2 Materials and methods

2.1 Carob pods and peanut

The mature carob pods and red peanut kernels (RPKs) were purchased from the local market of Giza (Egypt). The pods were de-seeded to get pulp then ground using electric coffee grinder (TCG-220, Electric Power: 180–220 Watt, china) to a fine powder ready for extraction by water.

2.2 Fungal strains

Three toxigenic fungi strains from Aspergillus spp were used in this study A. flavus (ATCC 28542), A. parasiticus (ATCC 26692), A. ochraceus (ATCC 22947) and A.aflatoxiformans, it isolated from grains by El-Sayed, A. and -Abdelaziz, A; Microbiology Dep., Zagazig University, and deposited to NCBI GenBank with accession # MN093924.

2.3 Chemicals and solvents

Potato Dextrose Agar (PDA) and yeast extract agar were obtained from Sigma- Aldrich, Lyon, France. The AFs mix standard and solvents were purchased from Sigma Chemical Co. (St. Louis, MO). All solvents were of HPLC grade. The water was double distilled with a Millipore water purification system (Bedford, MA).

3 Methods

3.1 Preparation of AECP

Two and half gram (2.5 g) for carob pulp (CP) were mixed with 25 ml of water. Then sonicated for 30 min at 30 °C in an ultrasound bath (Ultrasonic Bath Sonicator Model (K615HTDP) at frequency 40 kHz. The sample was further centrifuged at 10500 RPM, 20 °C for 15 min.
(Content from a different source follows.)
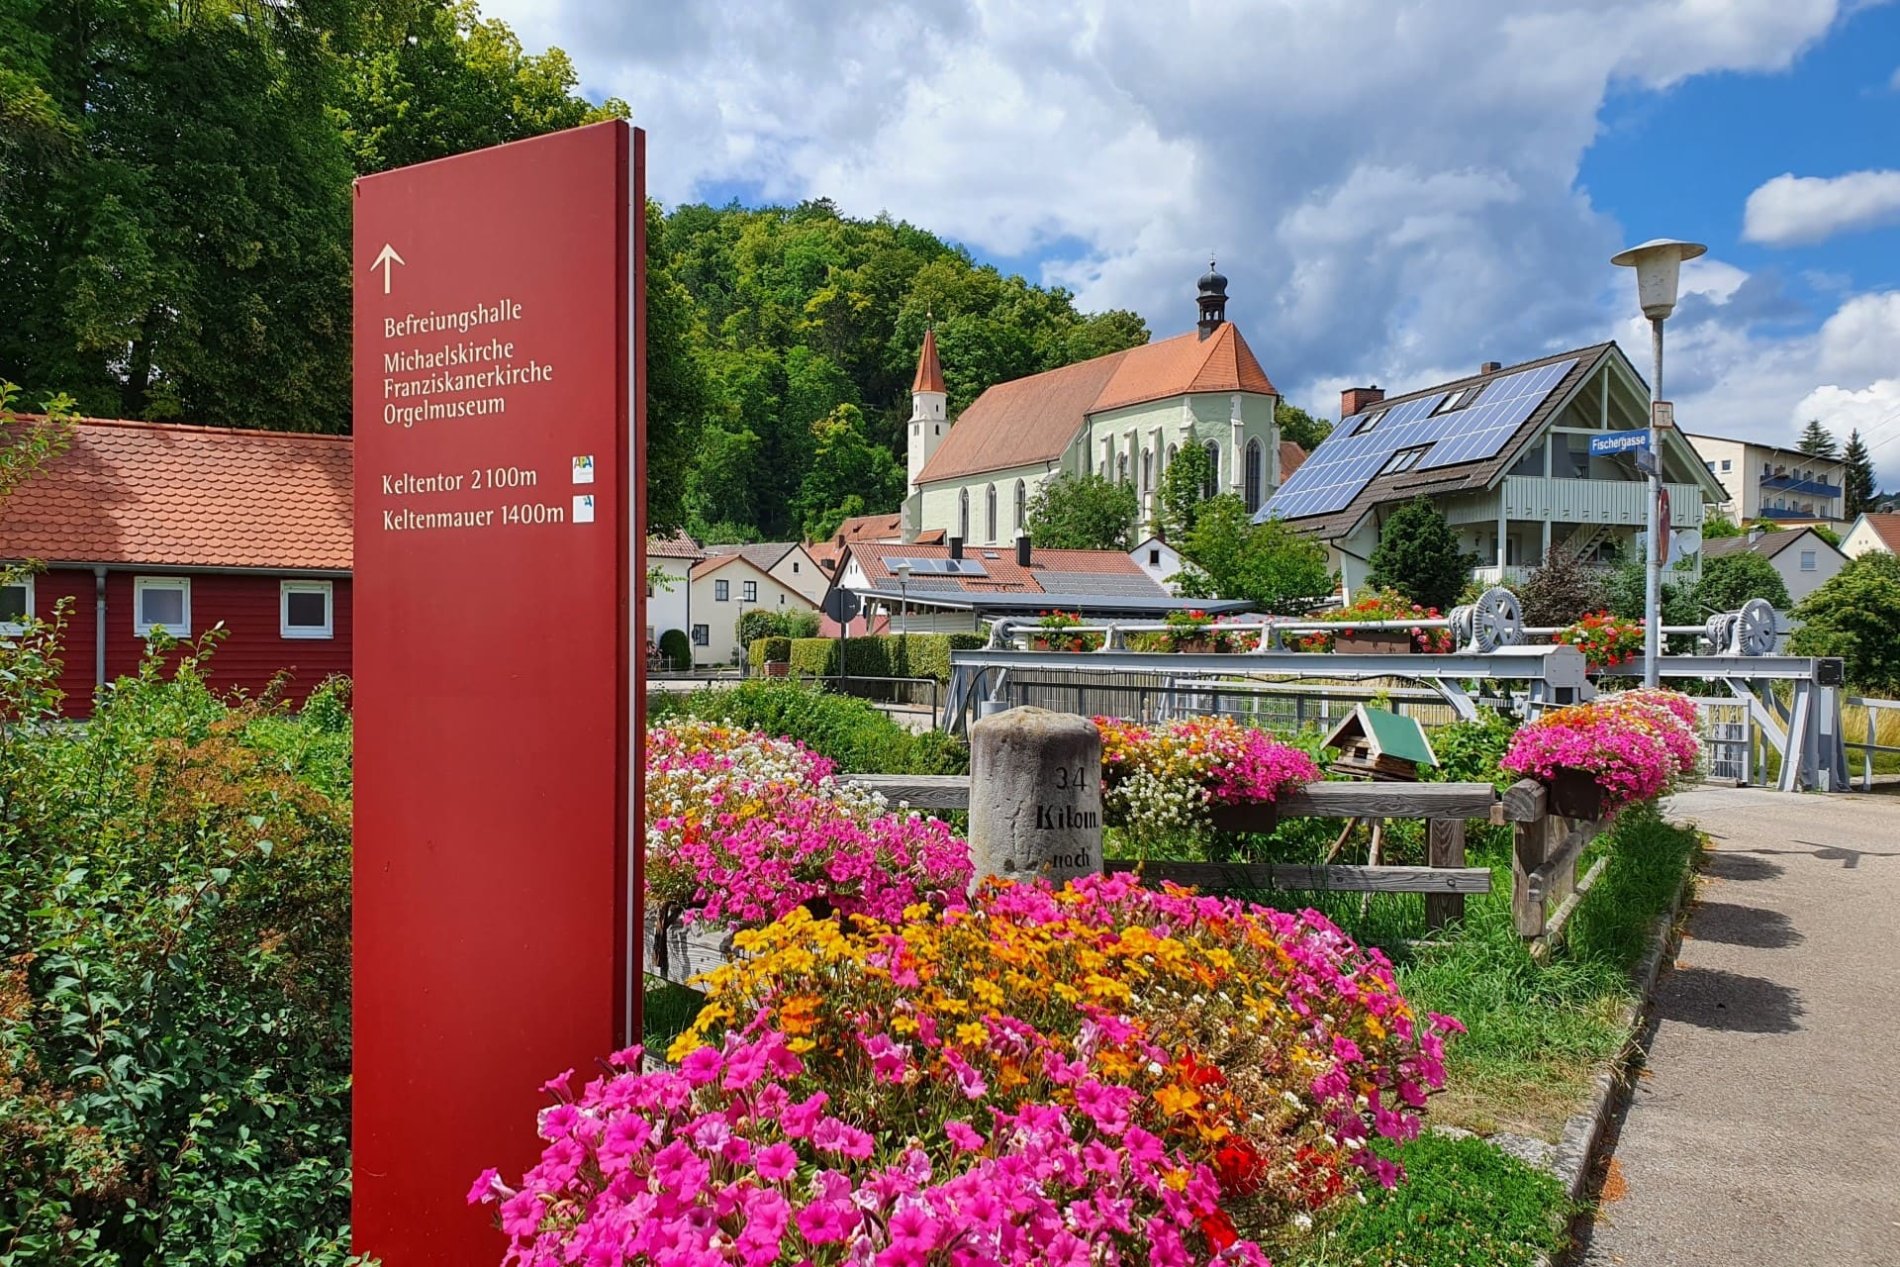 Links ist ein Hinweisschild vor einem bunten Blumenmeer, das auf das Orgelmuseum Kelheim hinweist. Die Kirche , in dem sich das Orgelmuseum befindet ist im Hintergrund sichtbar.

The supernatant was kept at −20 °C until analysis [17].

3.2 Determination of total phenolic content (TPC)

The total phenolic content in aqueous extract for carob pulp (CP) was determined using the Folin–Ciocalteau method as follows: Briefly, 1 ml of extract in a volumetric flask was diluted with distilled water to 46 ml. 1 ml of Folin-Ciocalteu reagent was added and the contents of the flask were blended completely. After 3 min, 3 ml of Na2CO3 (2%) was added, then mixture left for 2 h. The absorbance of the mixture was measured at 760 nm. TPC was calibrated as mg Gallic acid equivalents (GAE) 100 g−1 carob pod by the calibration curve of a Gallic acid equivalent (GAE) standard [18].

3.3 Determination of total flavonoid content (TFC)
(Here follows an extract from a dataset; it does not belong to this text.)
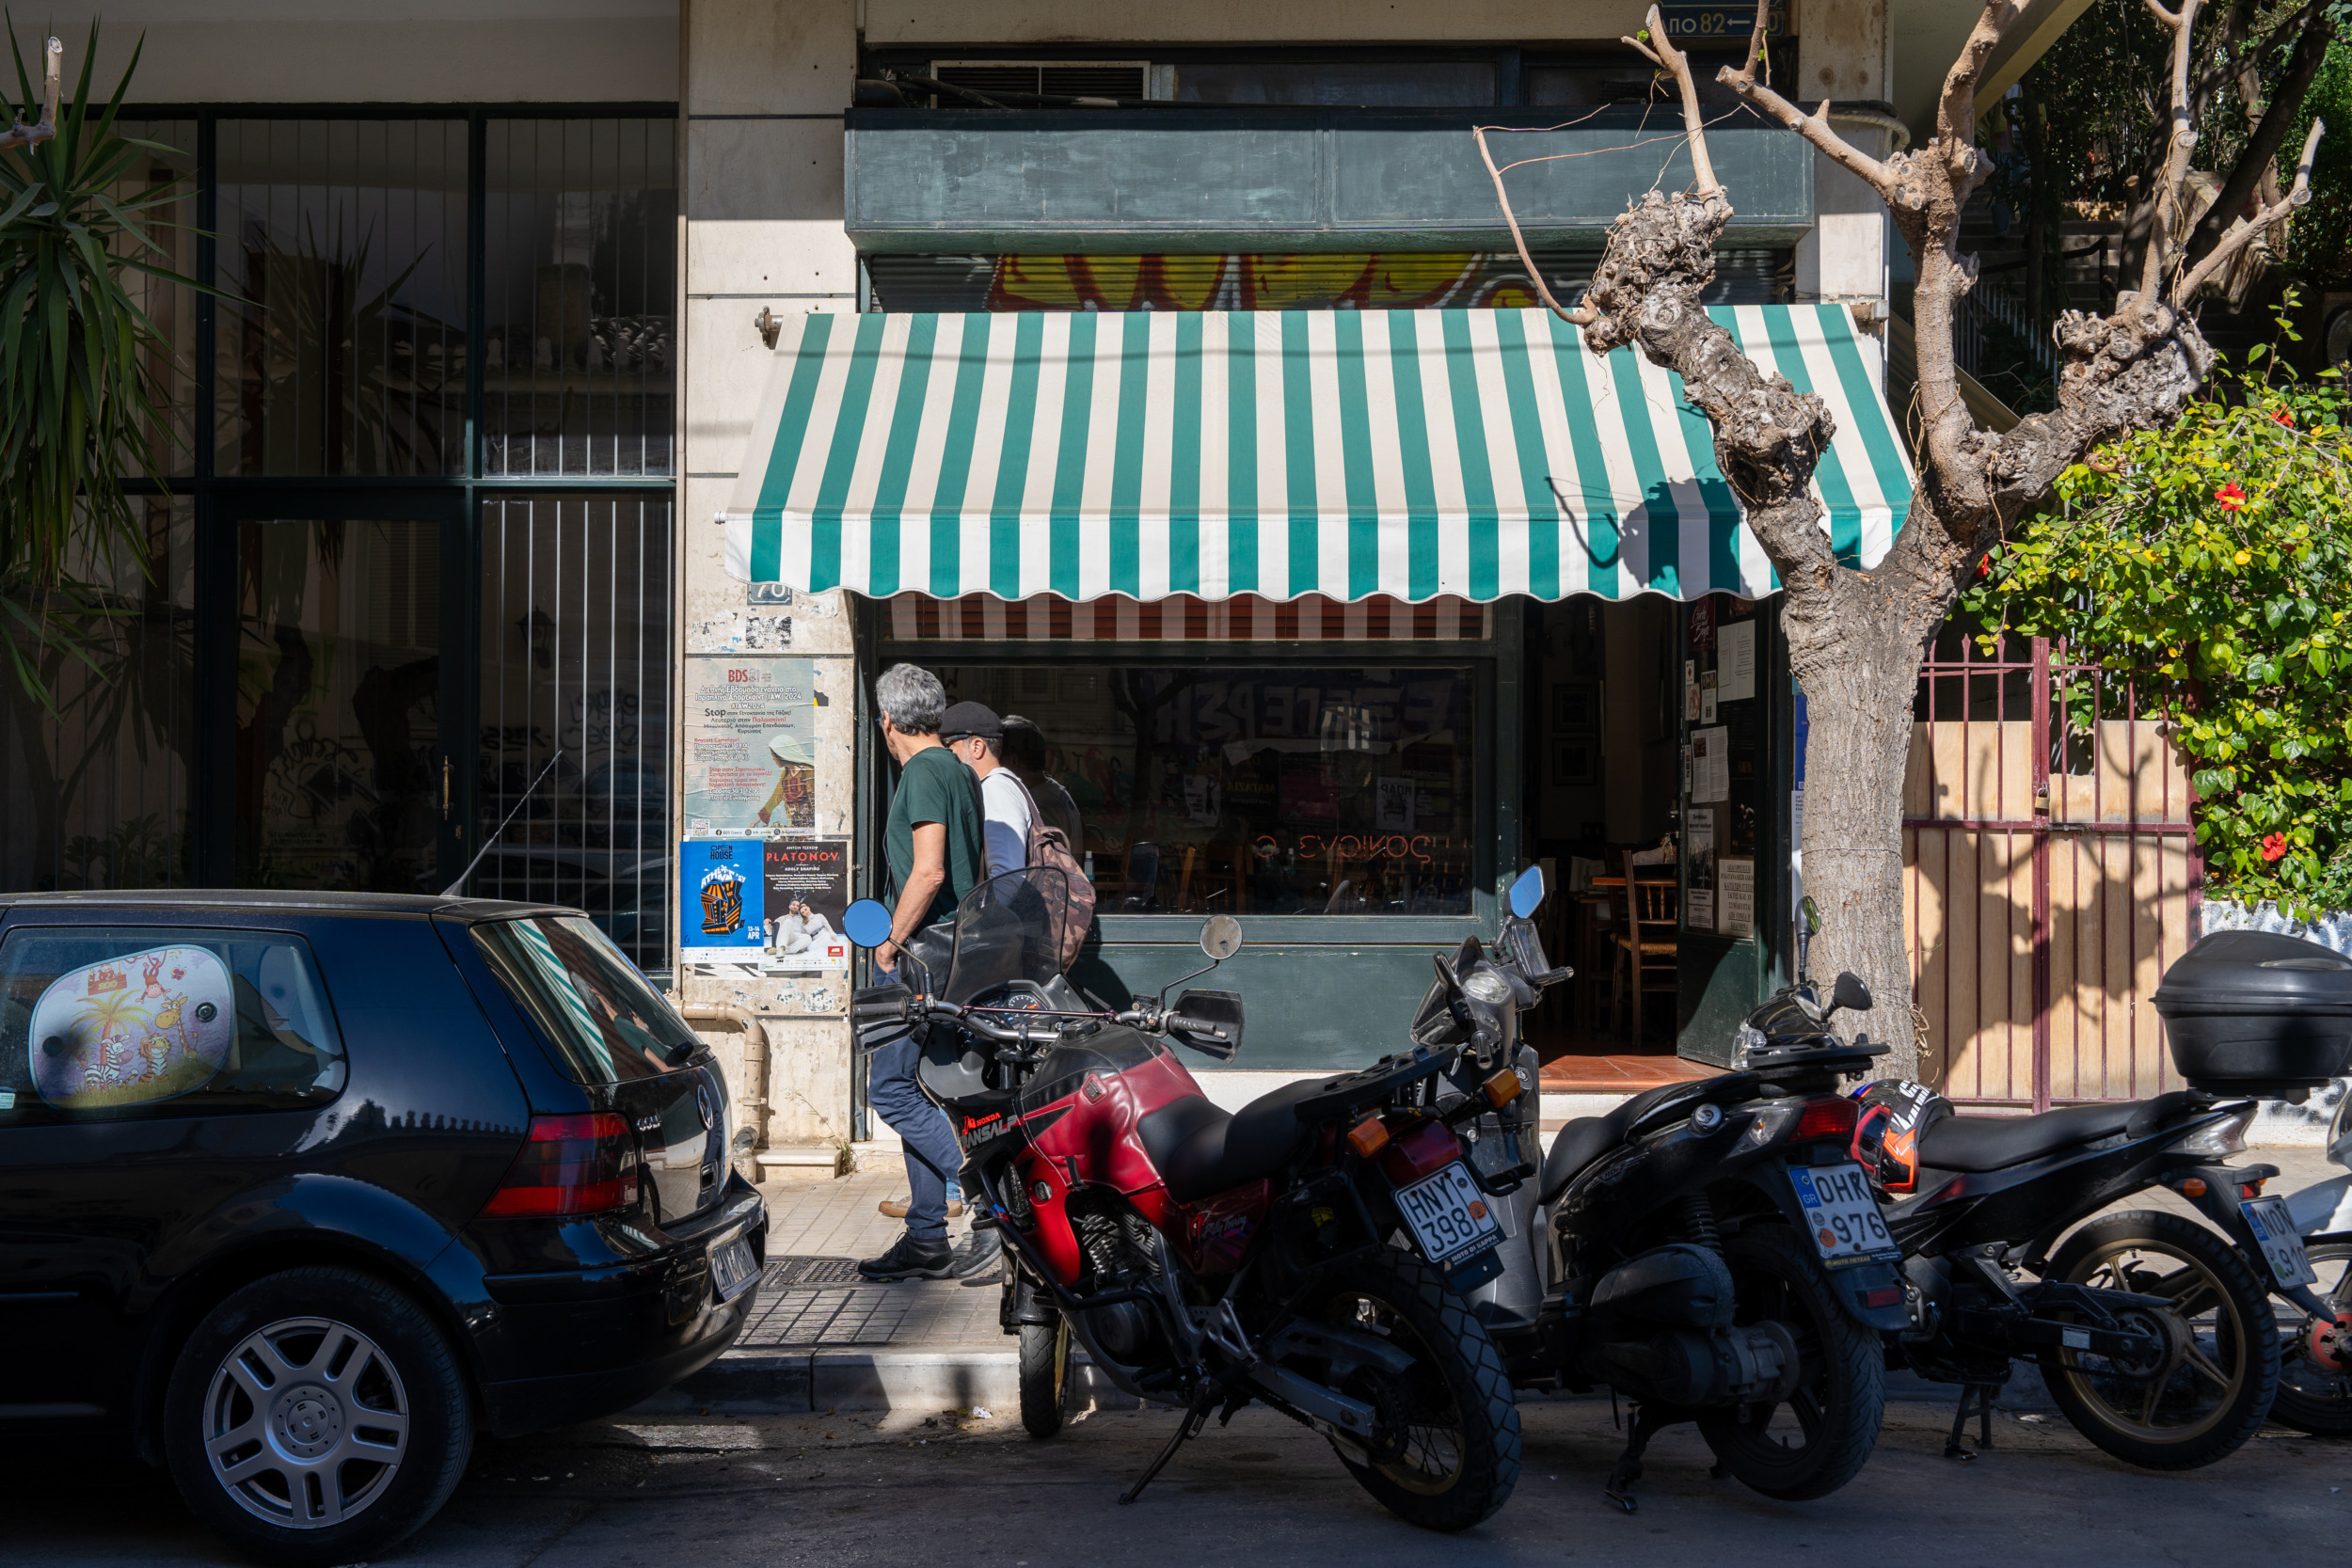 Das Café Parasaiko liegt zentral in Exarchia

The TFC was measured according to the method Yan-Hwa et al. (2000) as follows: 1 ml of extract was diluted with 4.3 ml of 80% aqueous ethanol containing 0.1 ml of 10% Al (NO3)3 and 0.1 ml of 1 M aqueous CH3COOK. After 40 min at room temperature, the absorbance was determined spectrophotometrically at 415 nm. The total flavonoid content was measured by us using a calibration curve of a quercetin equivalent (QE) standard [19].

3.4 Quantification of the total alkaloid content (TAC)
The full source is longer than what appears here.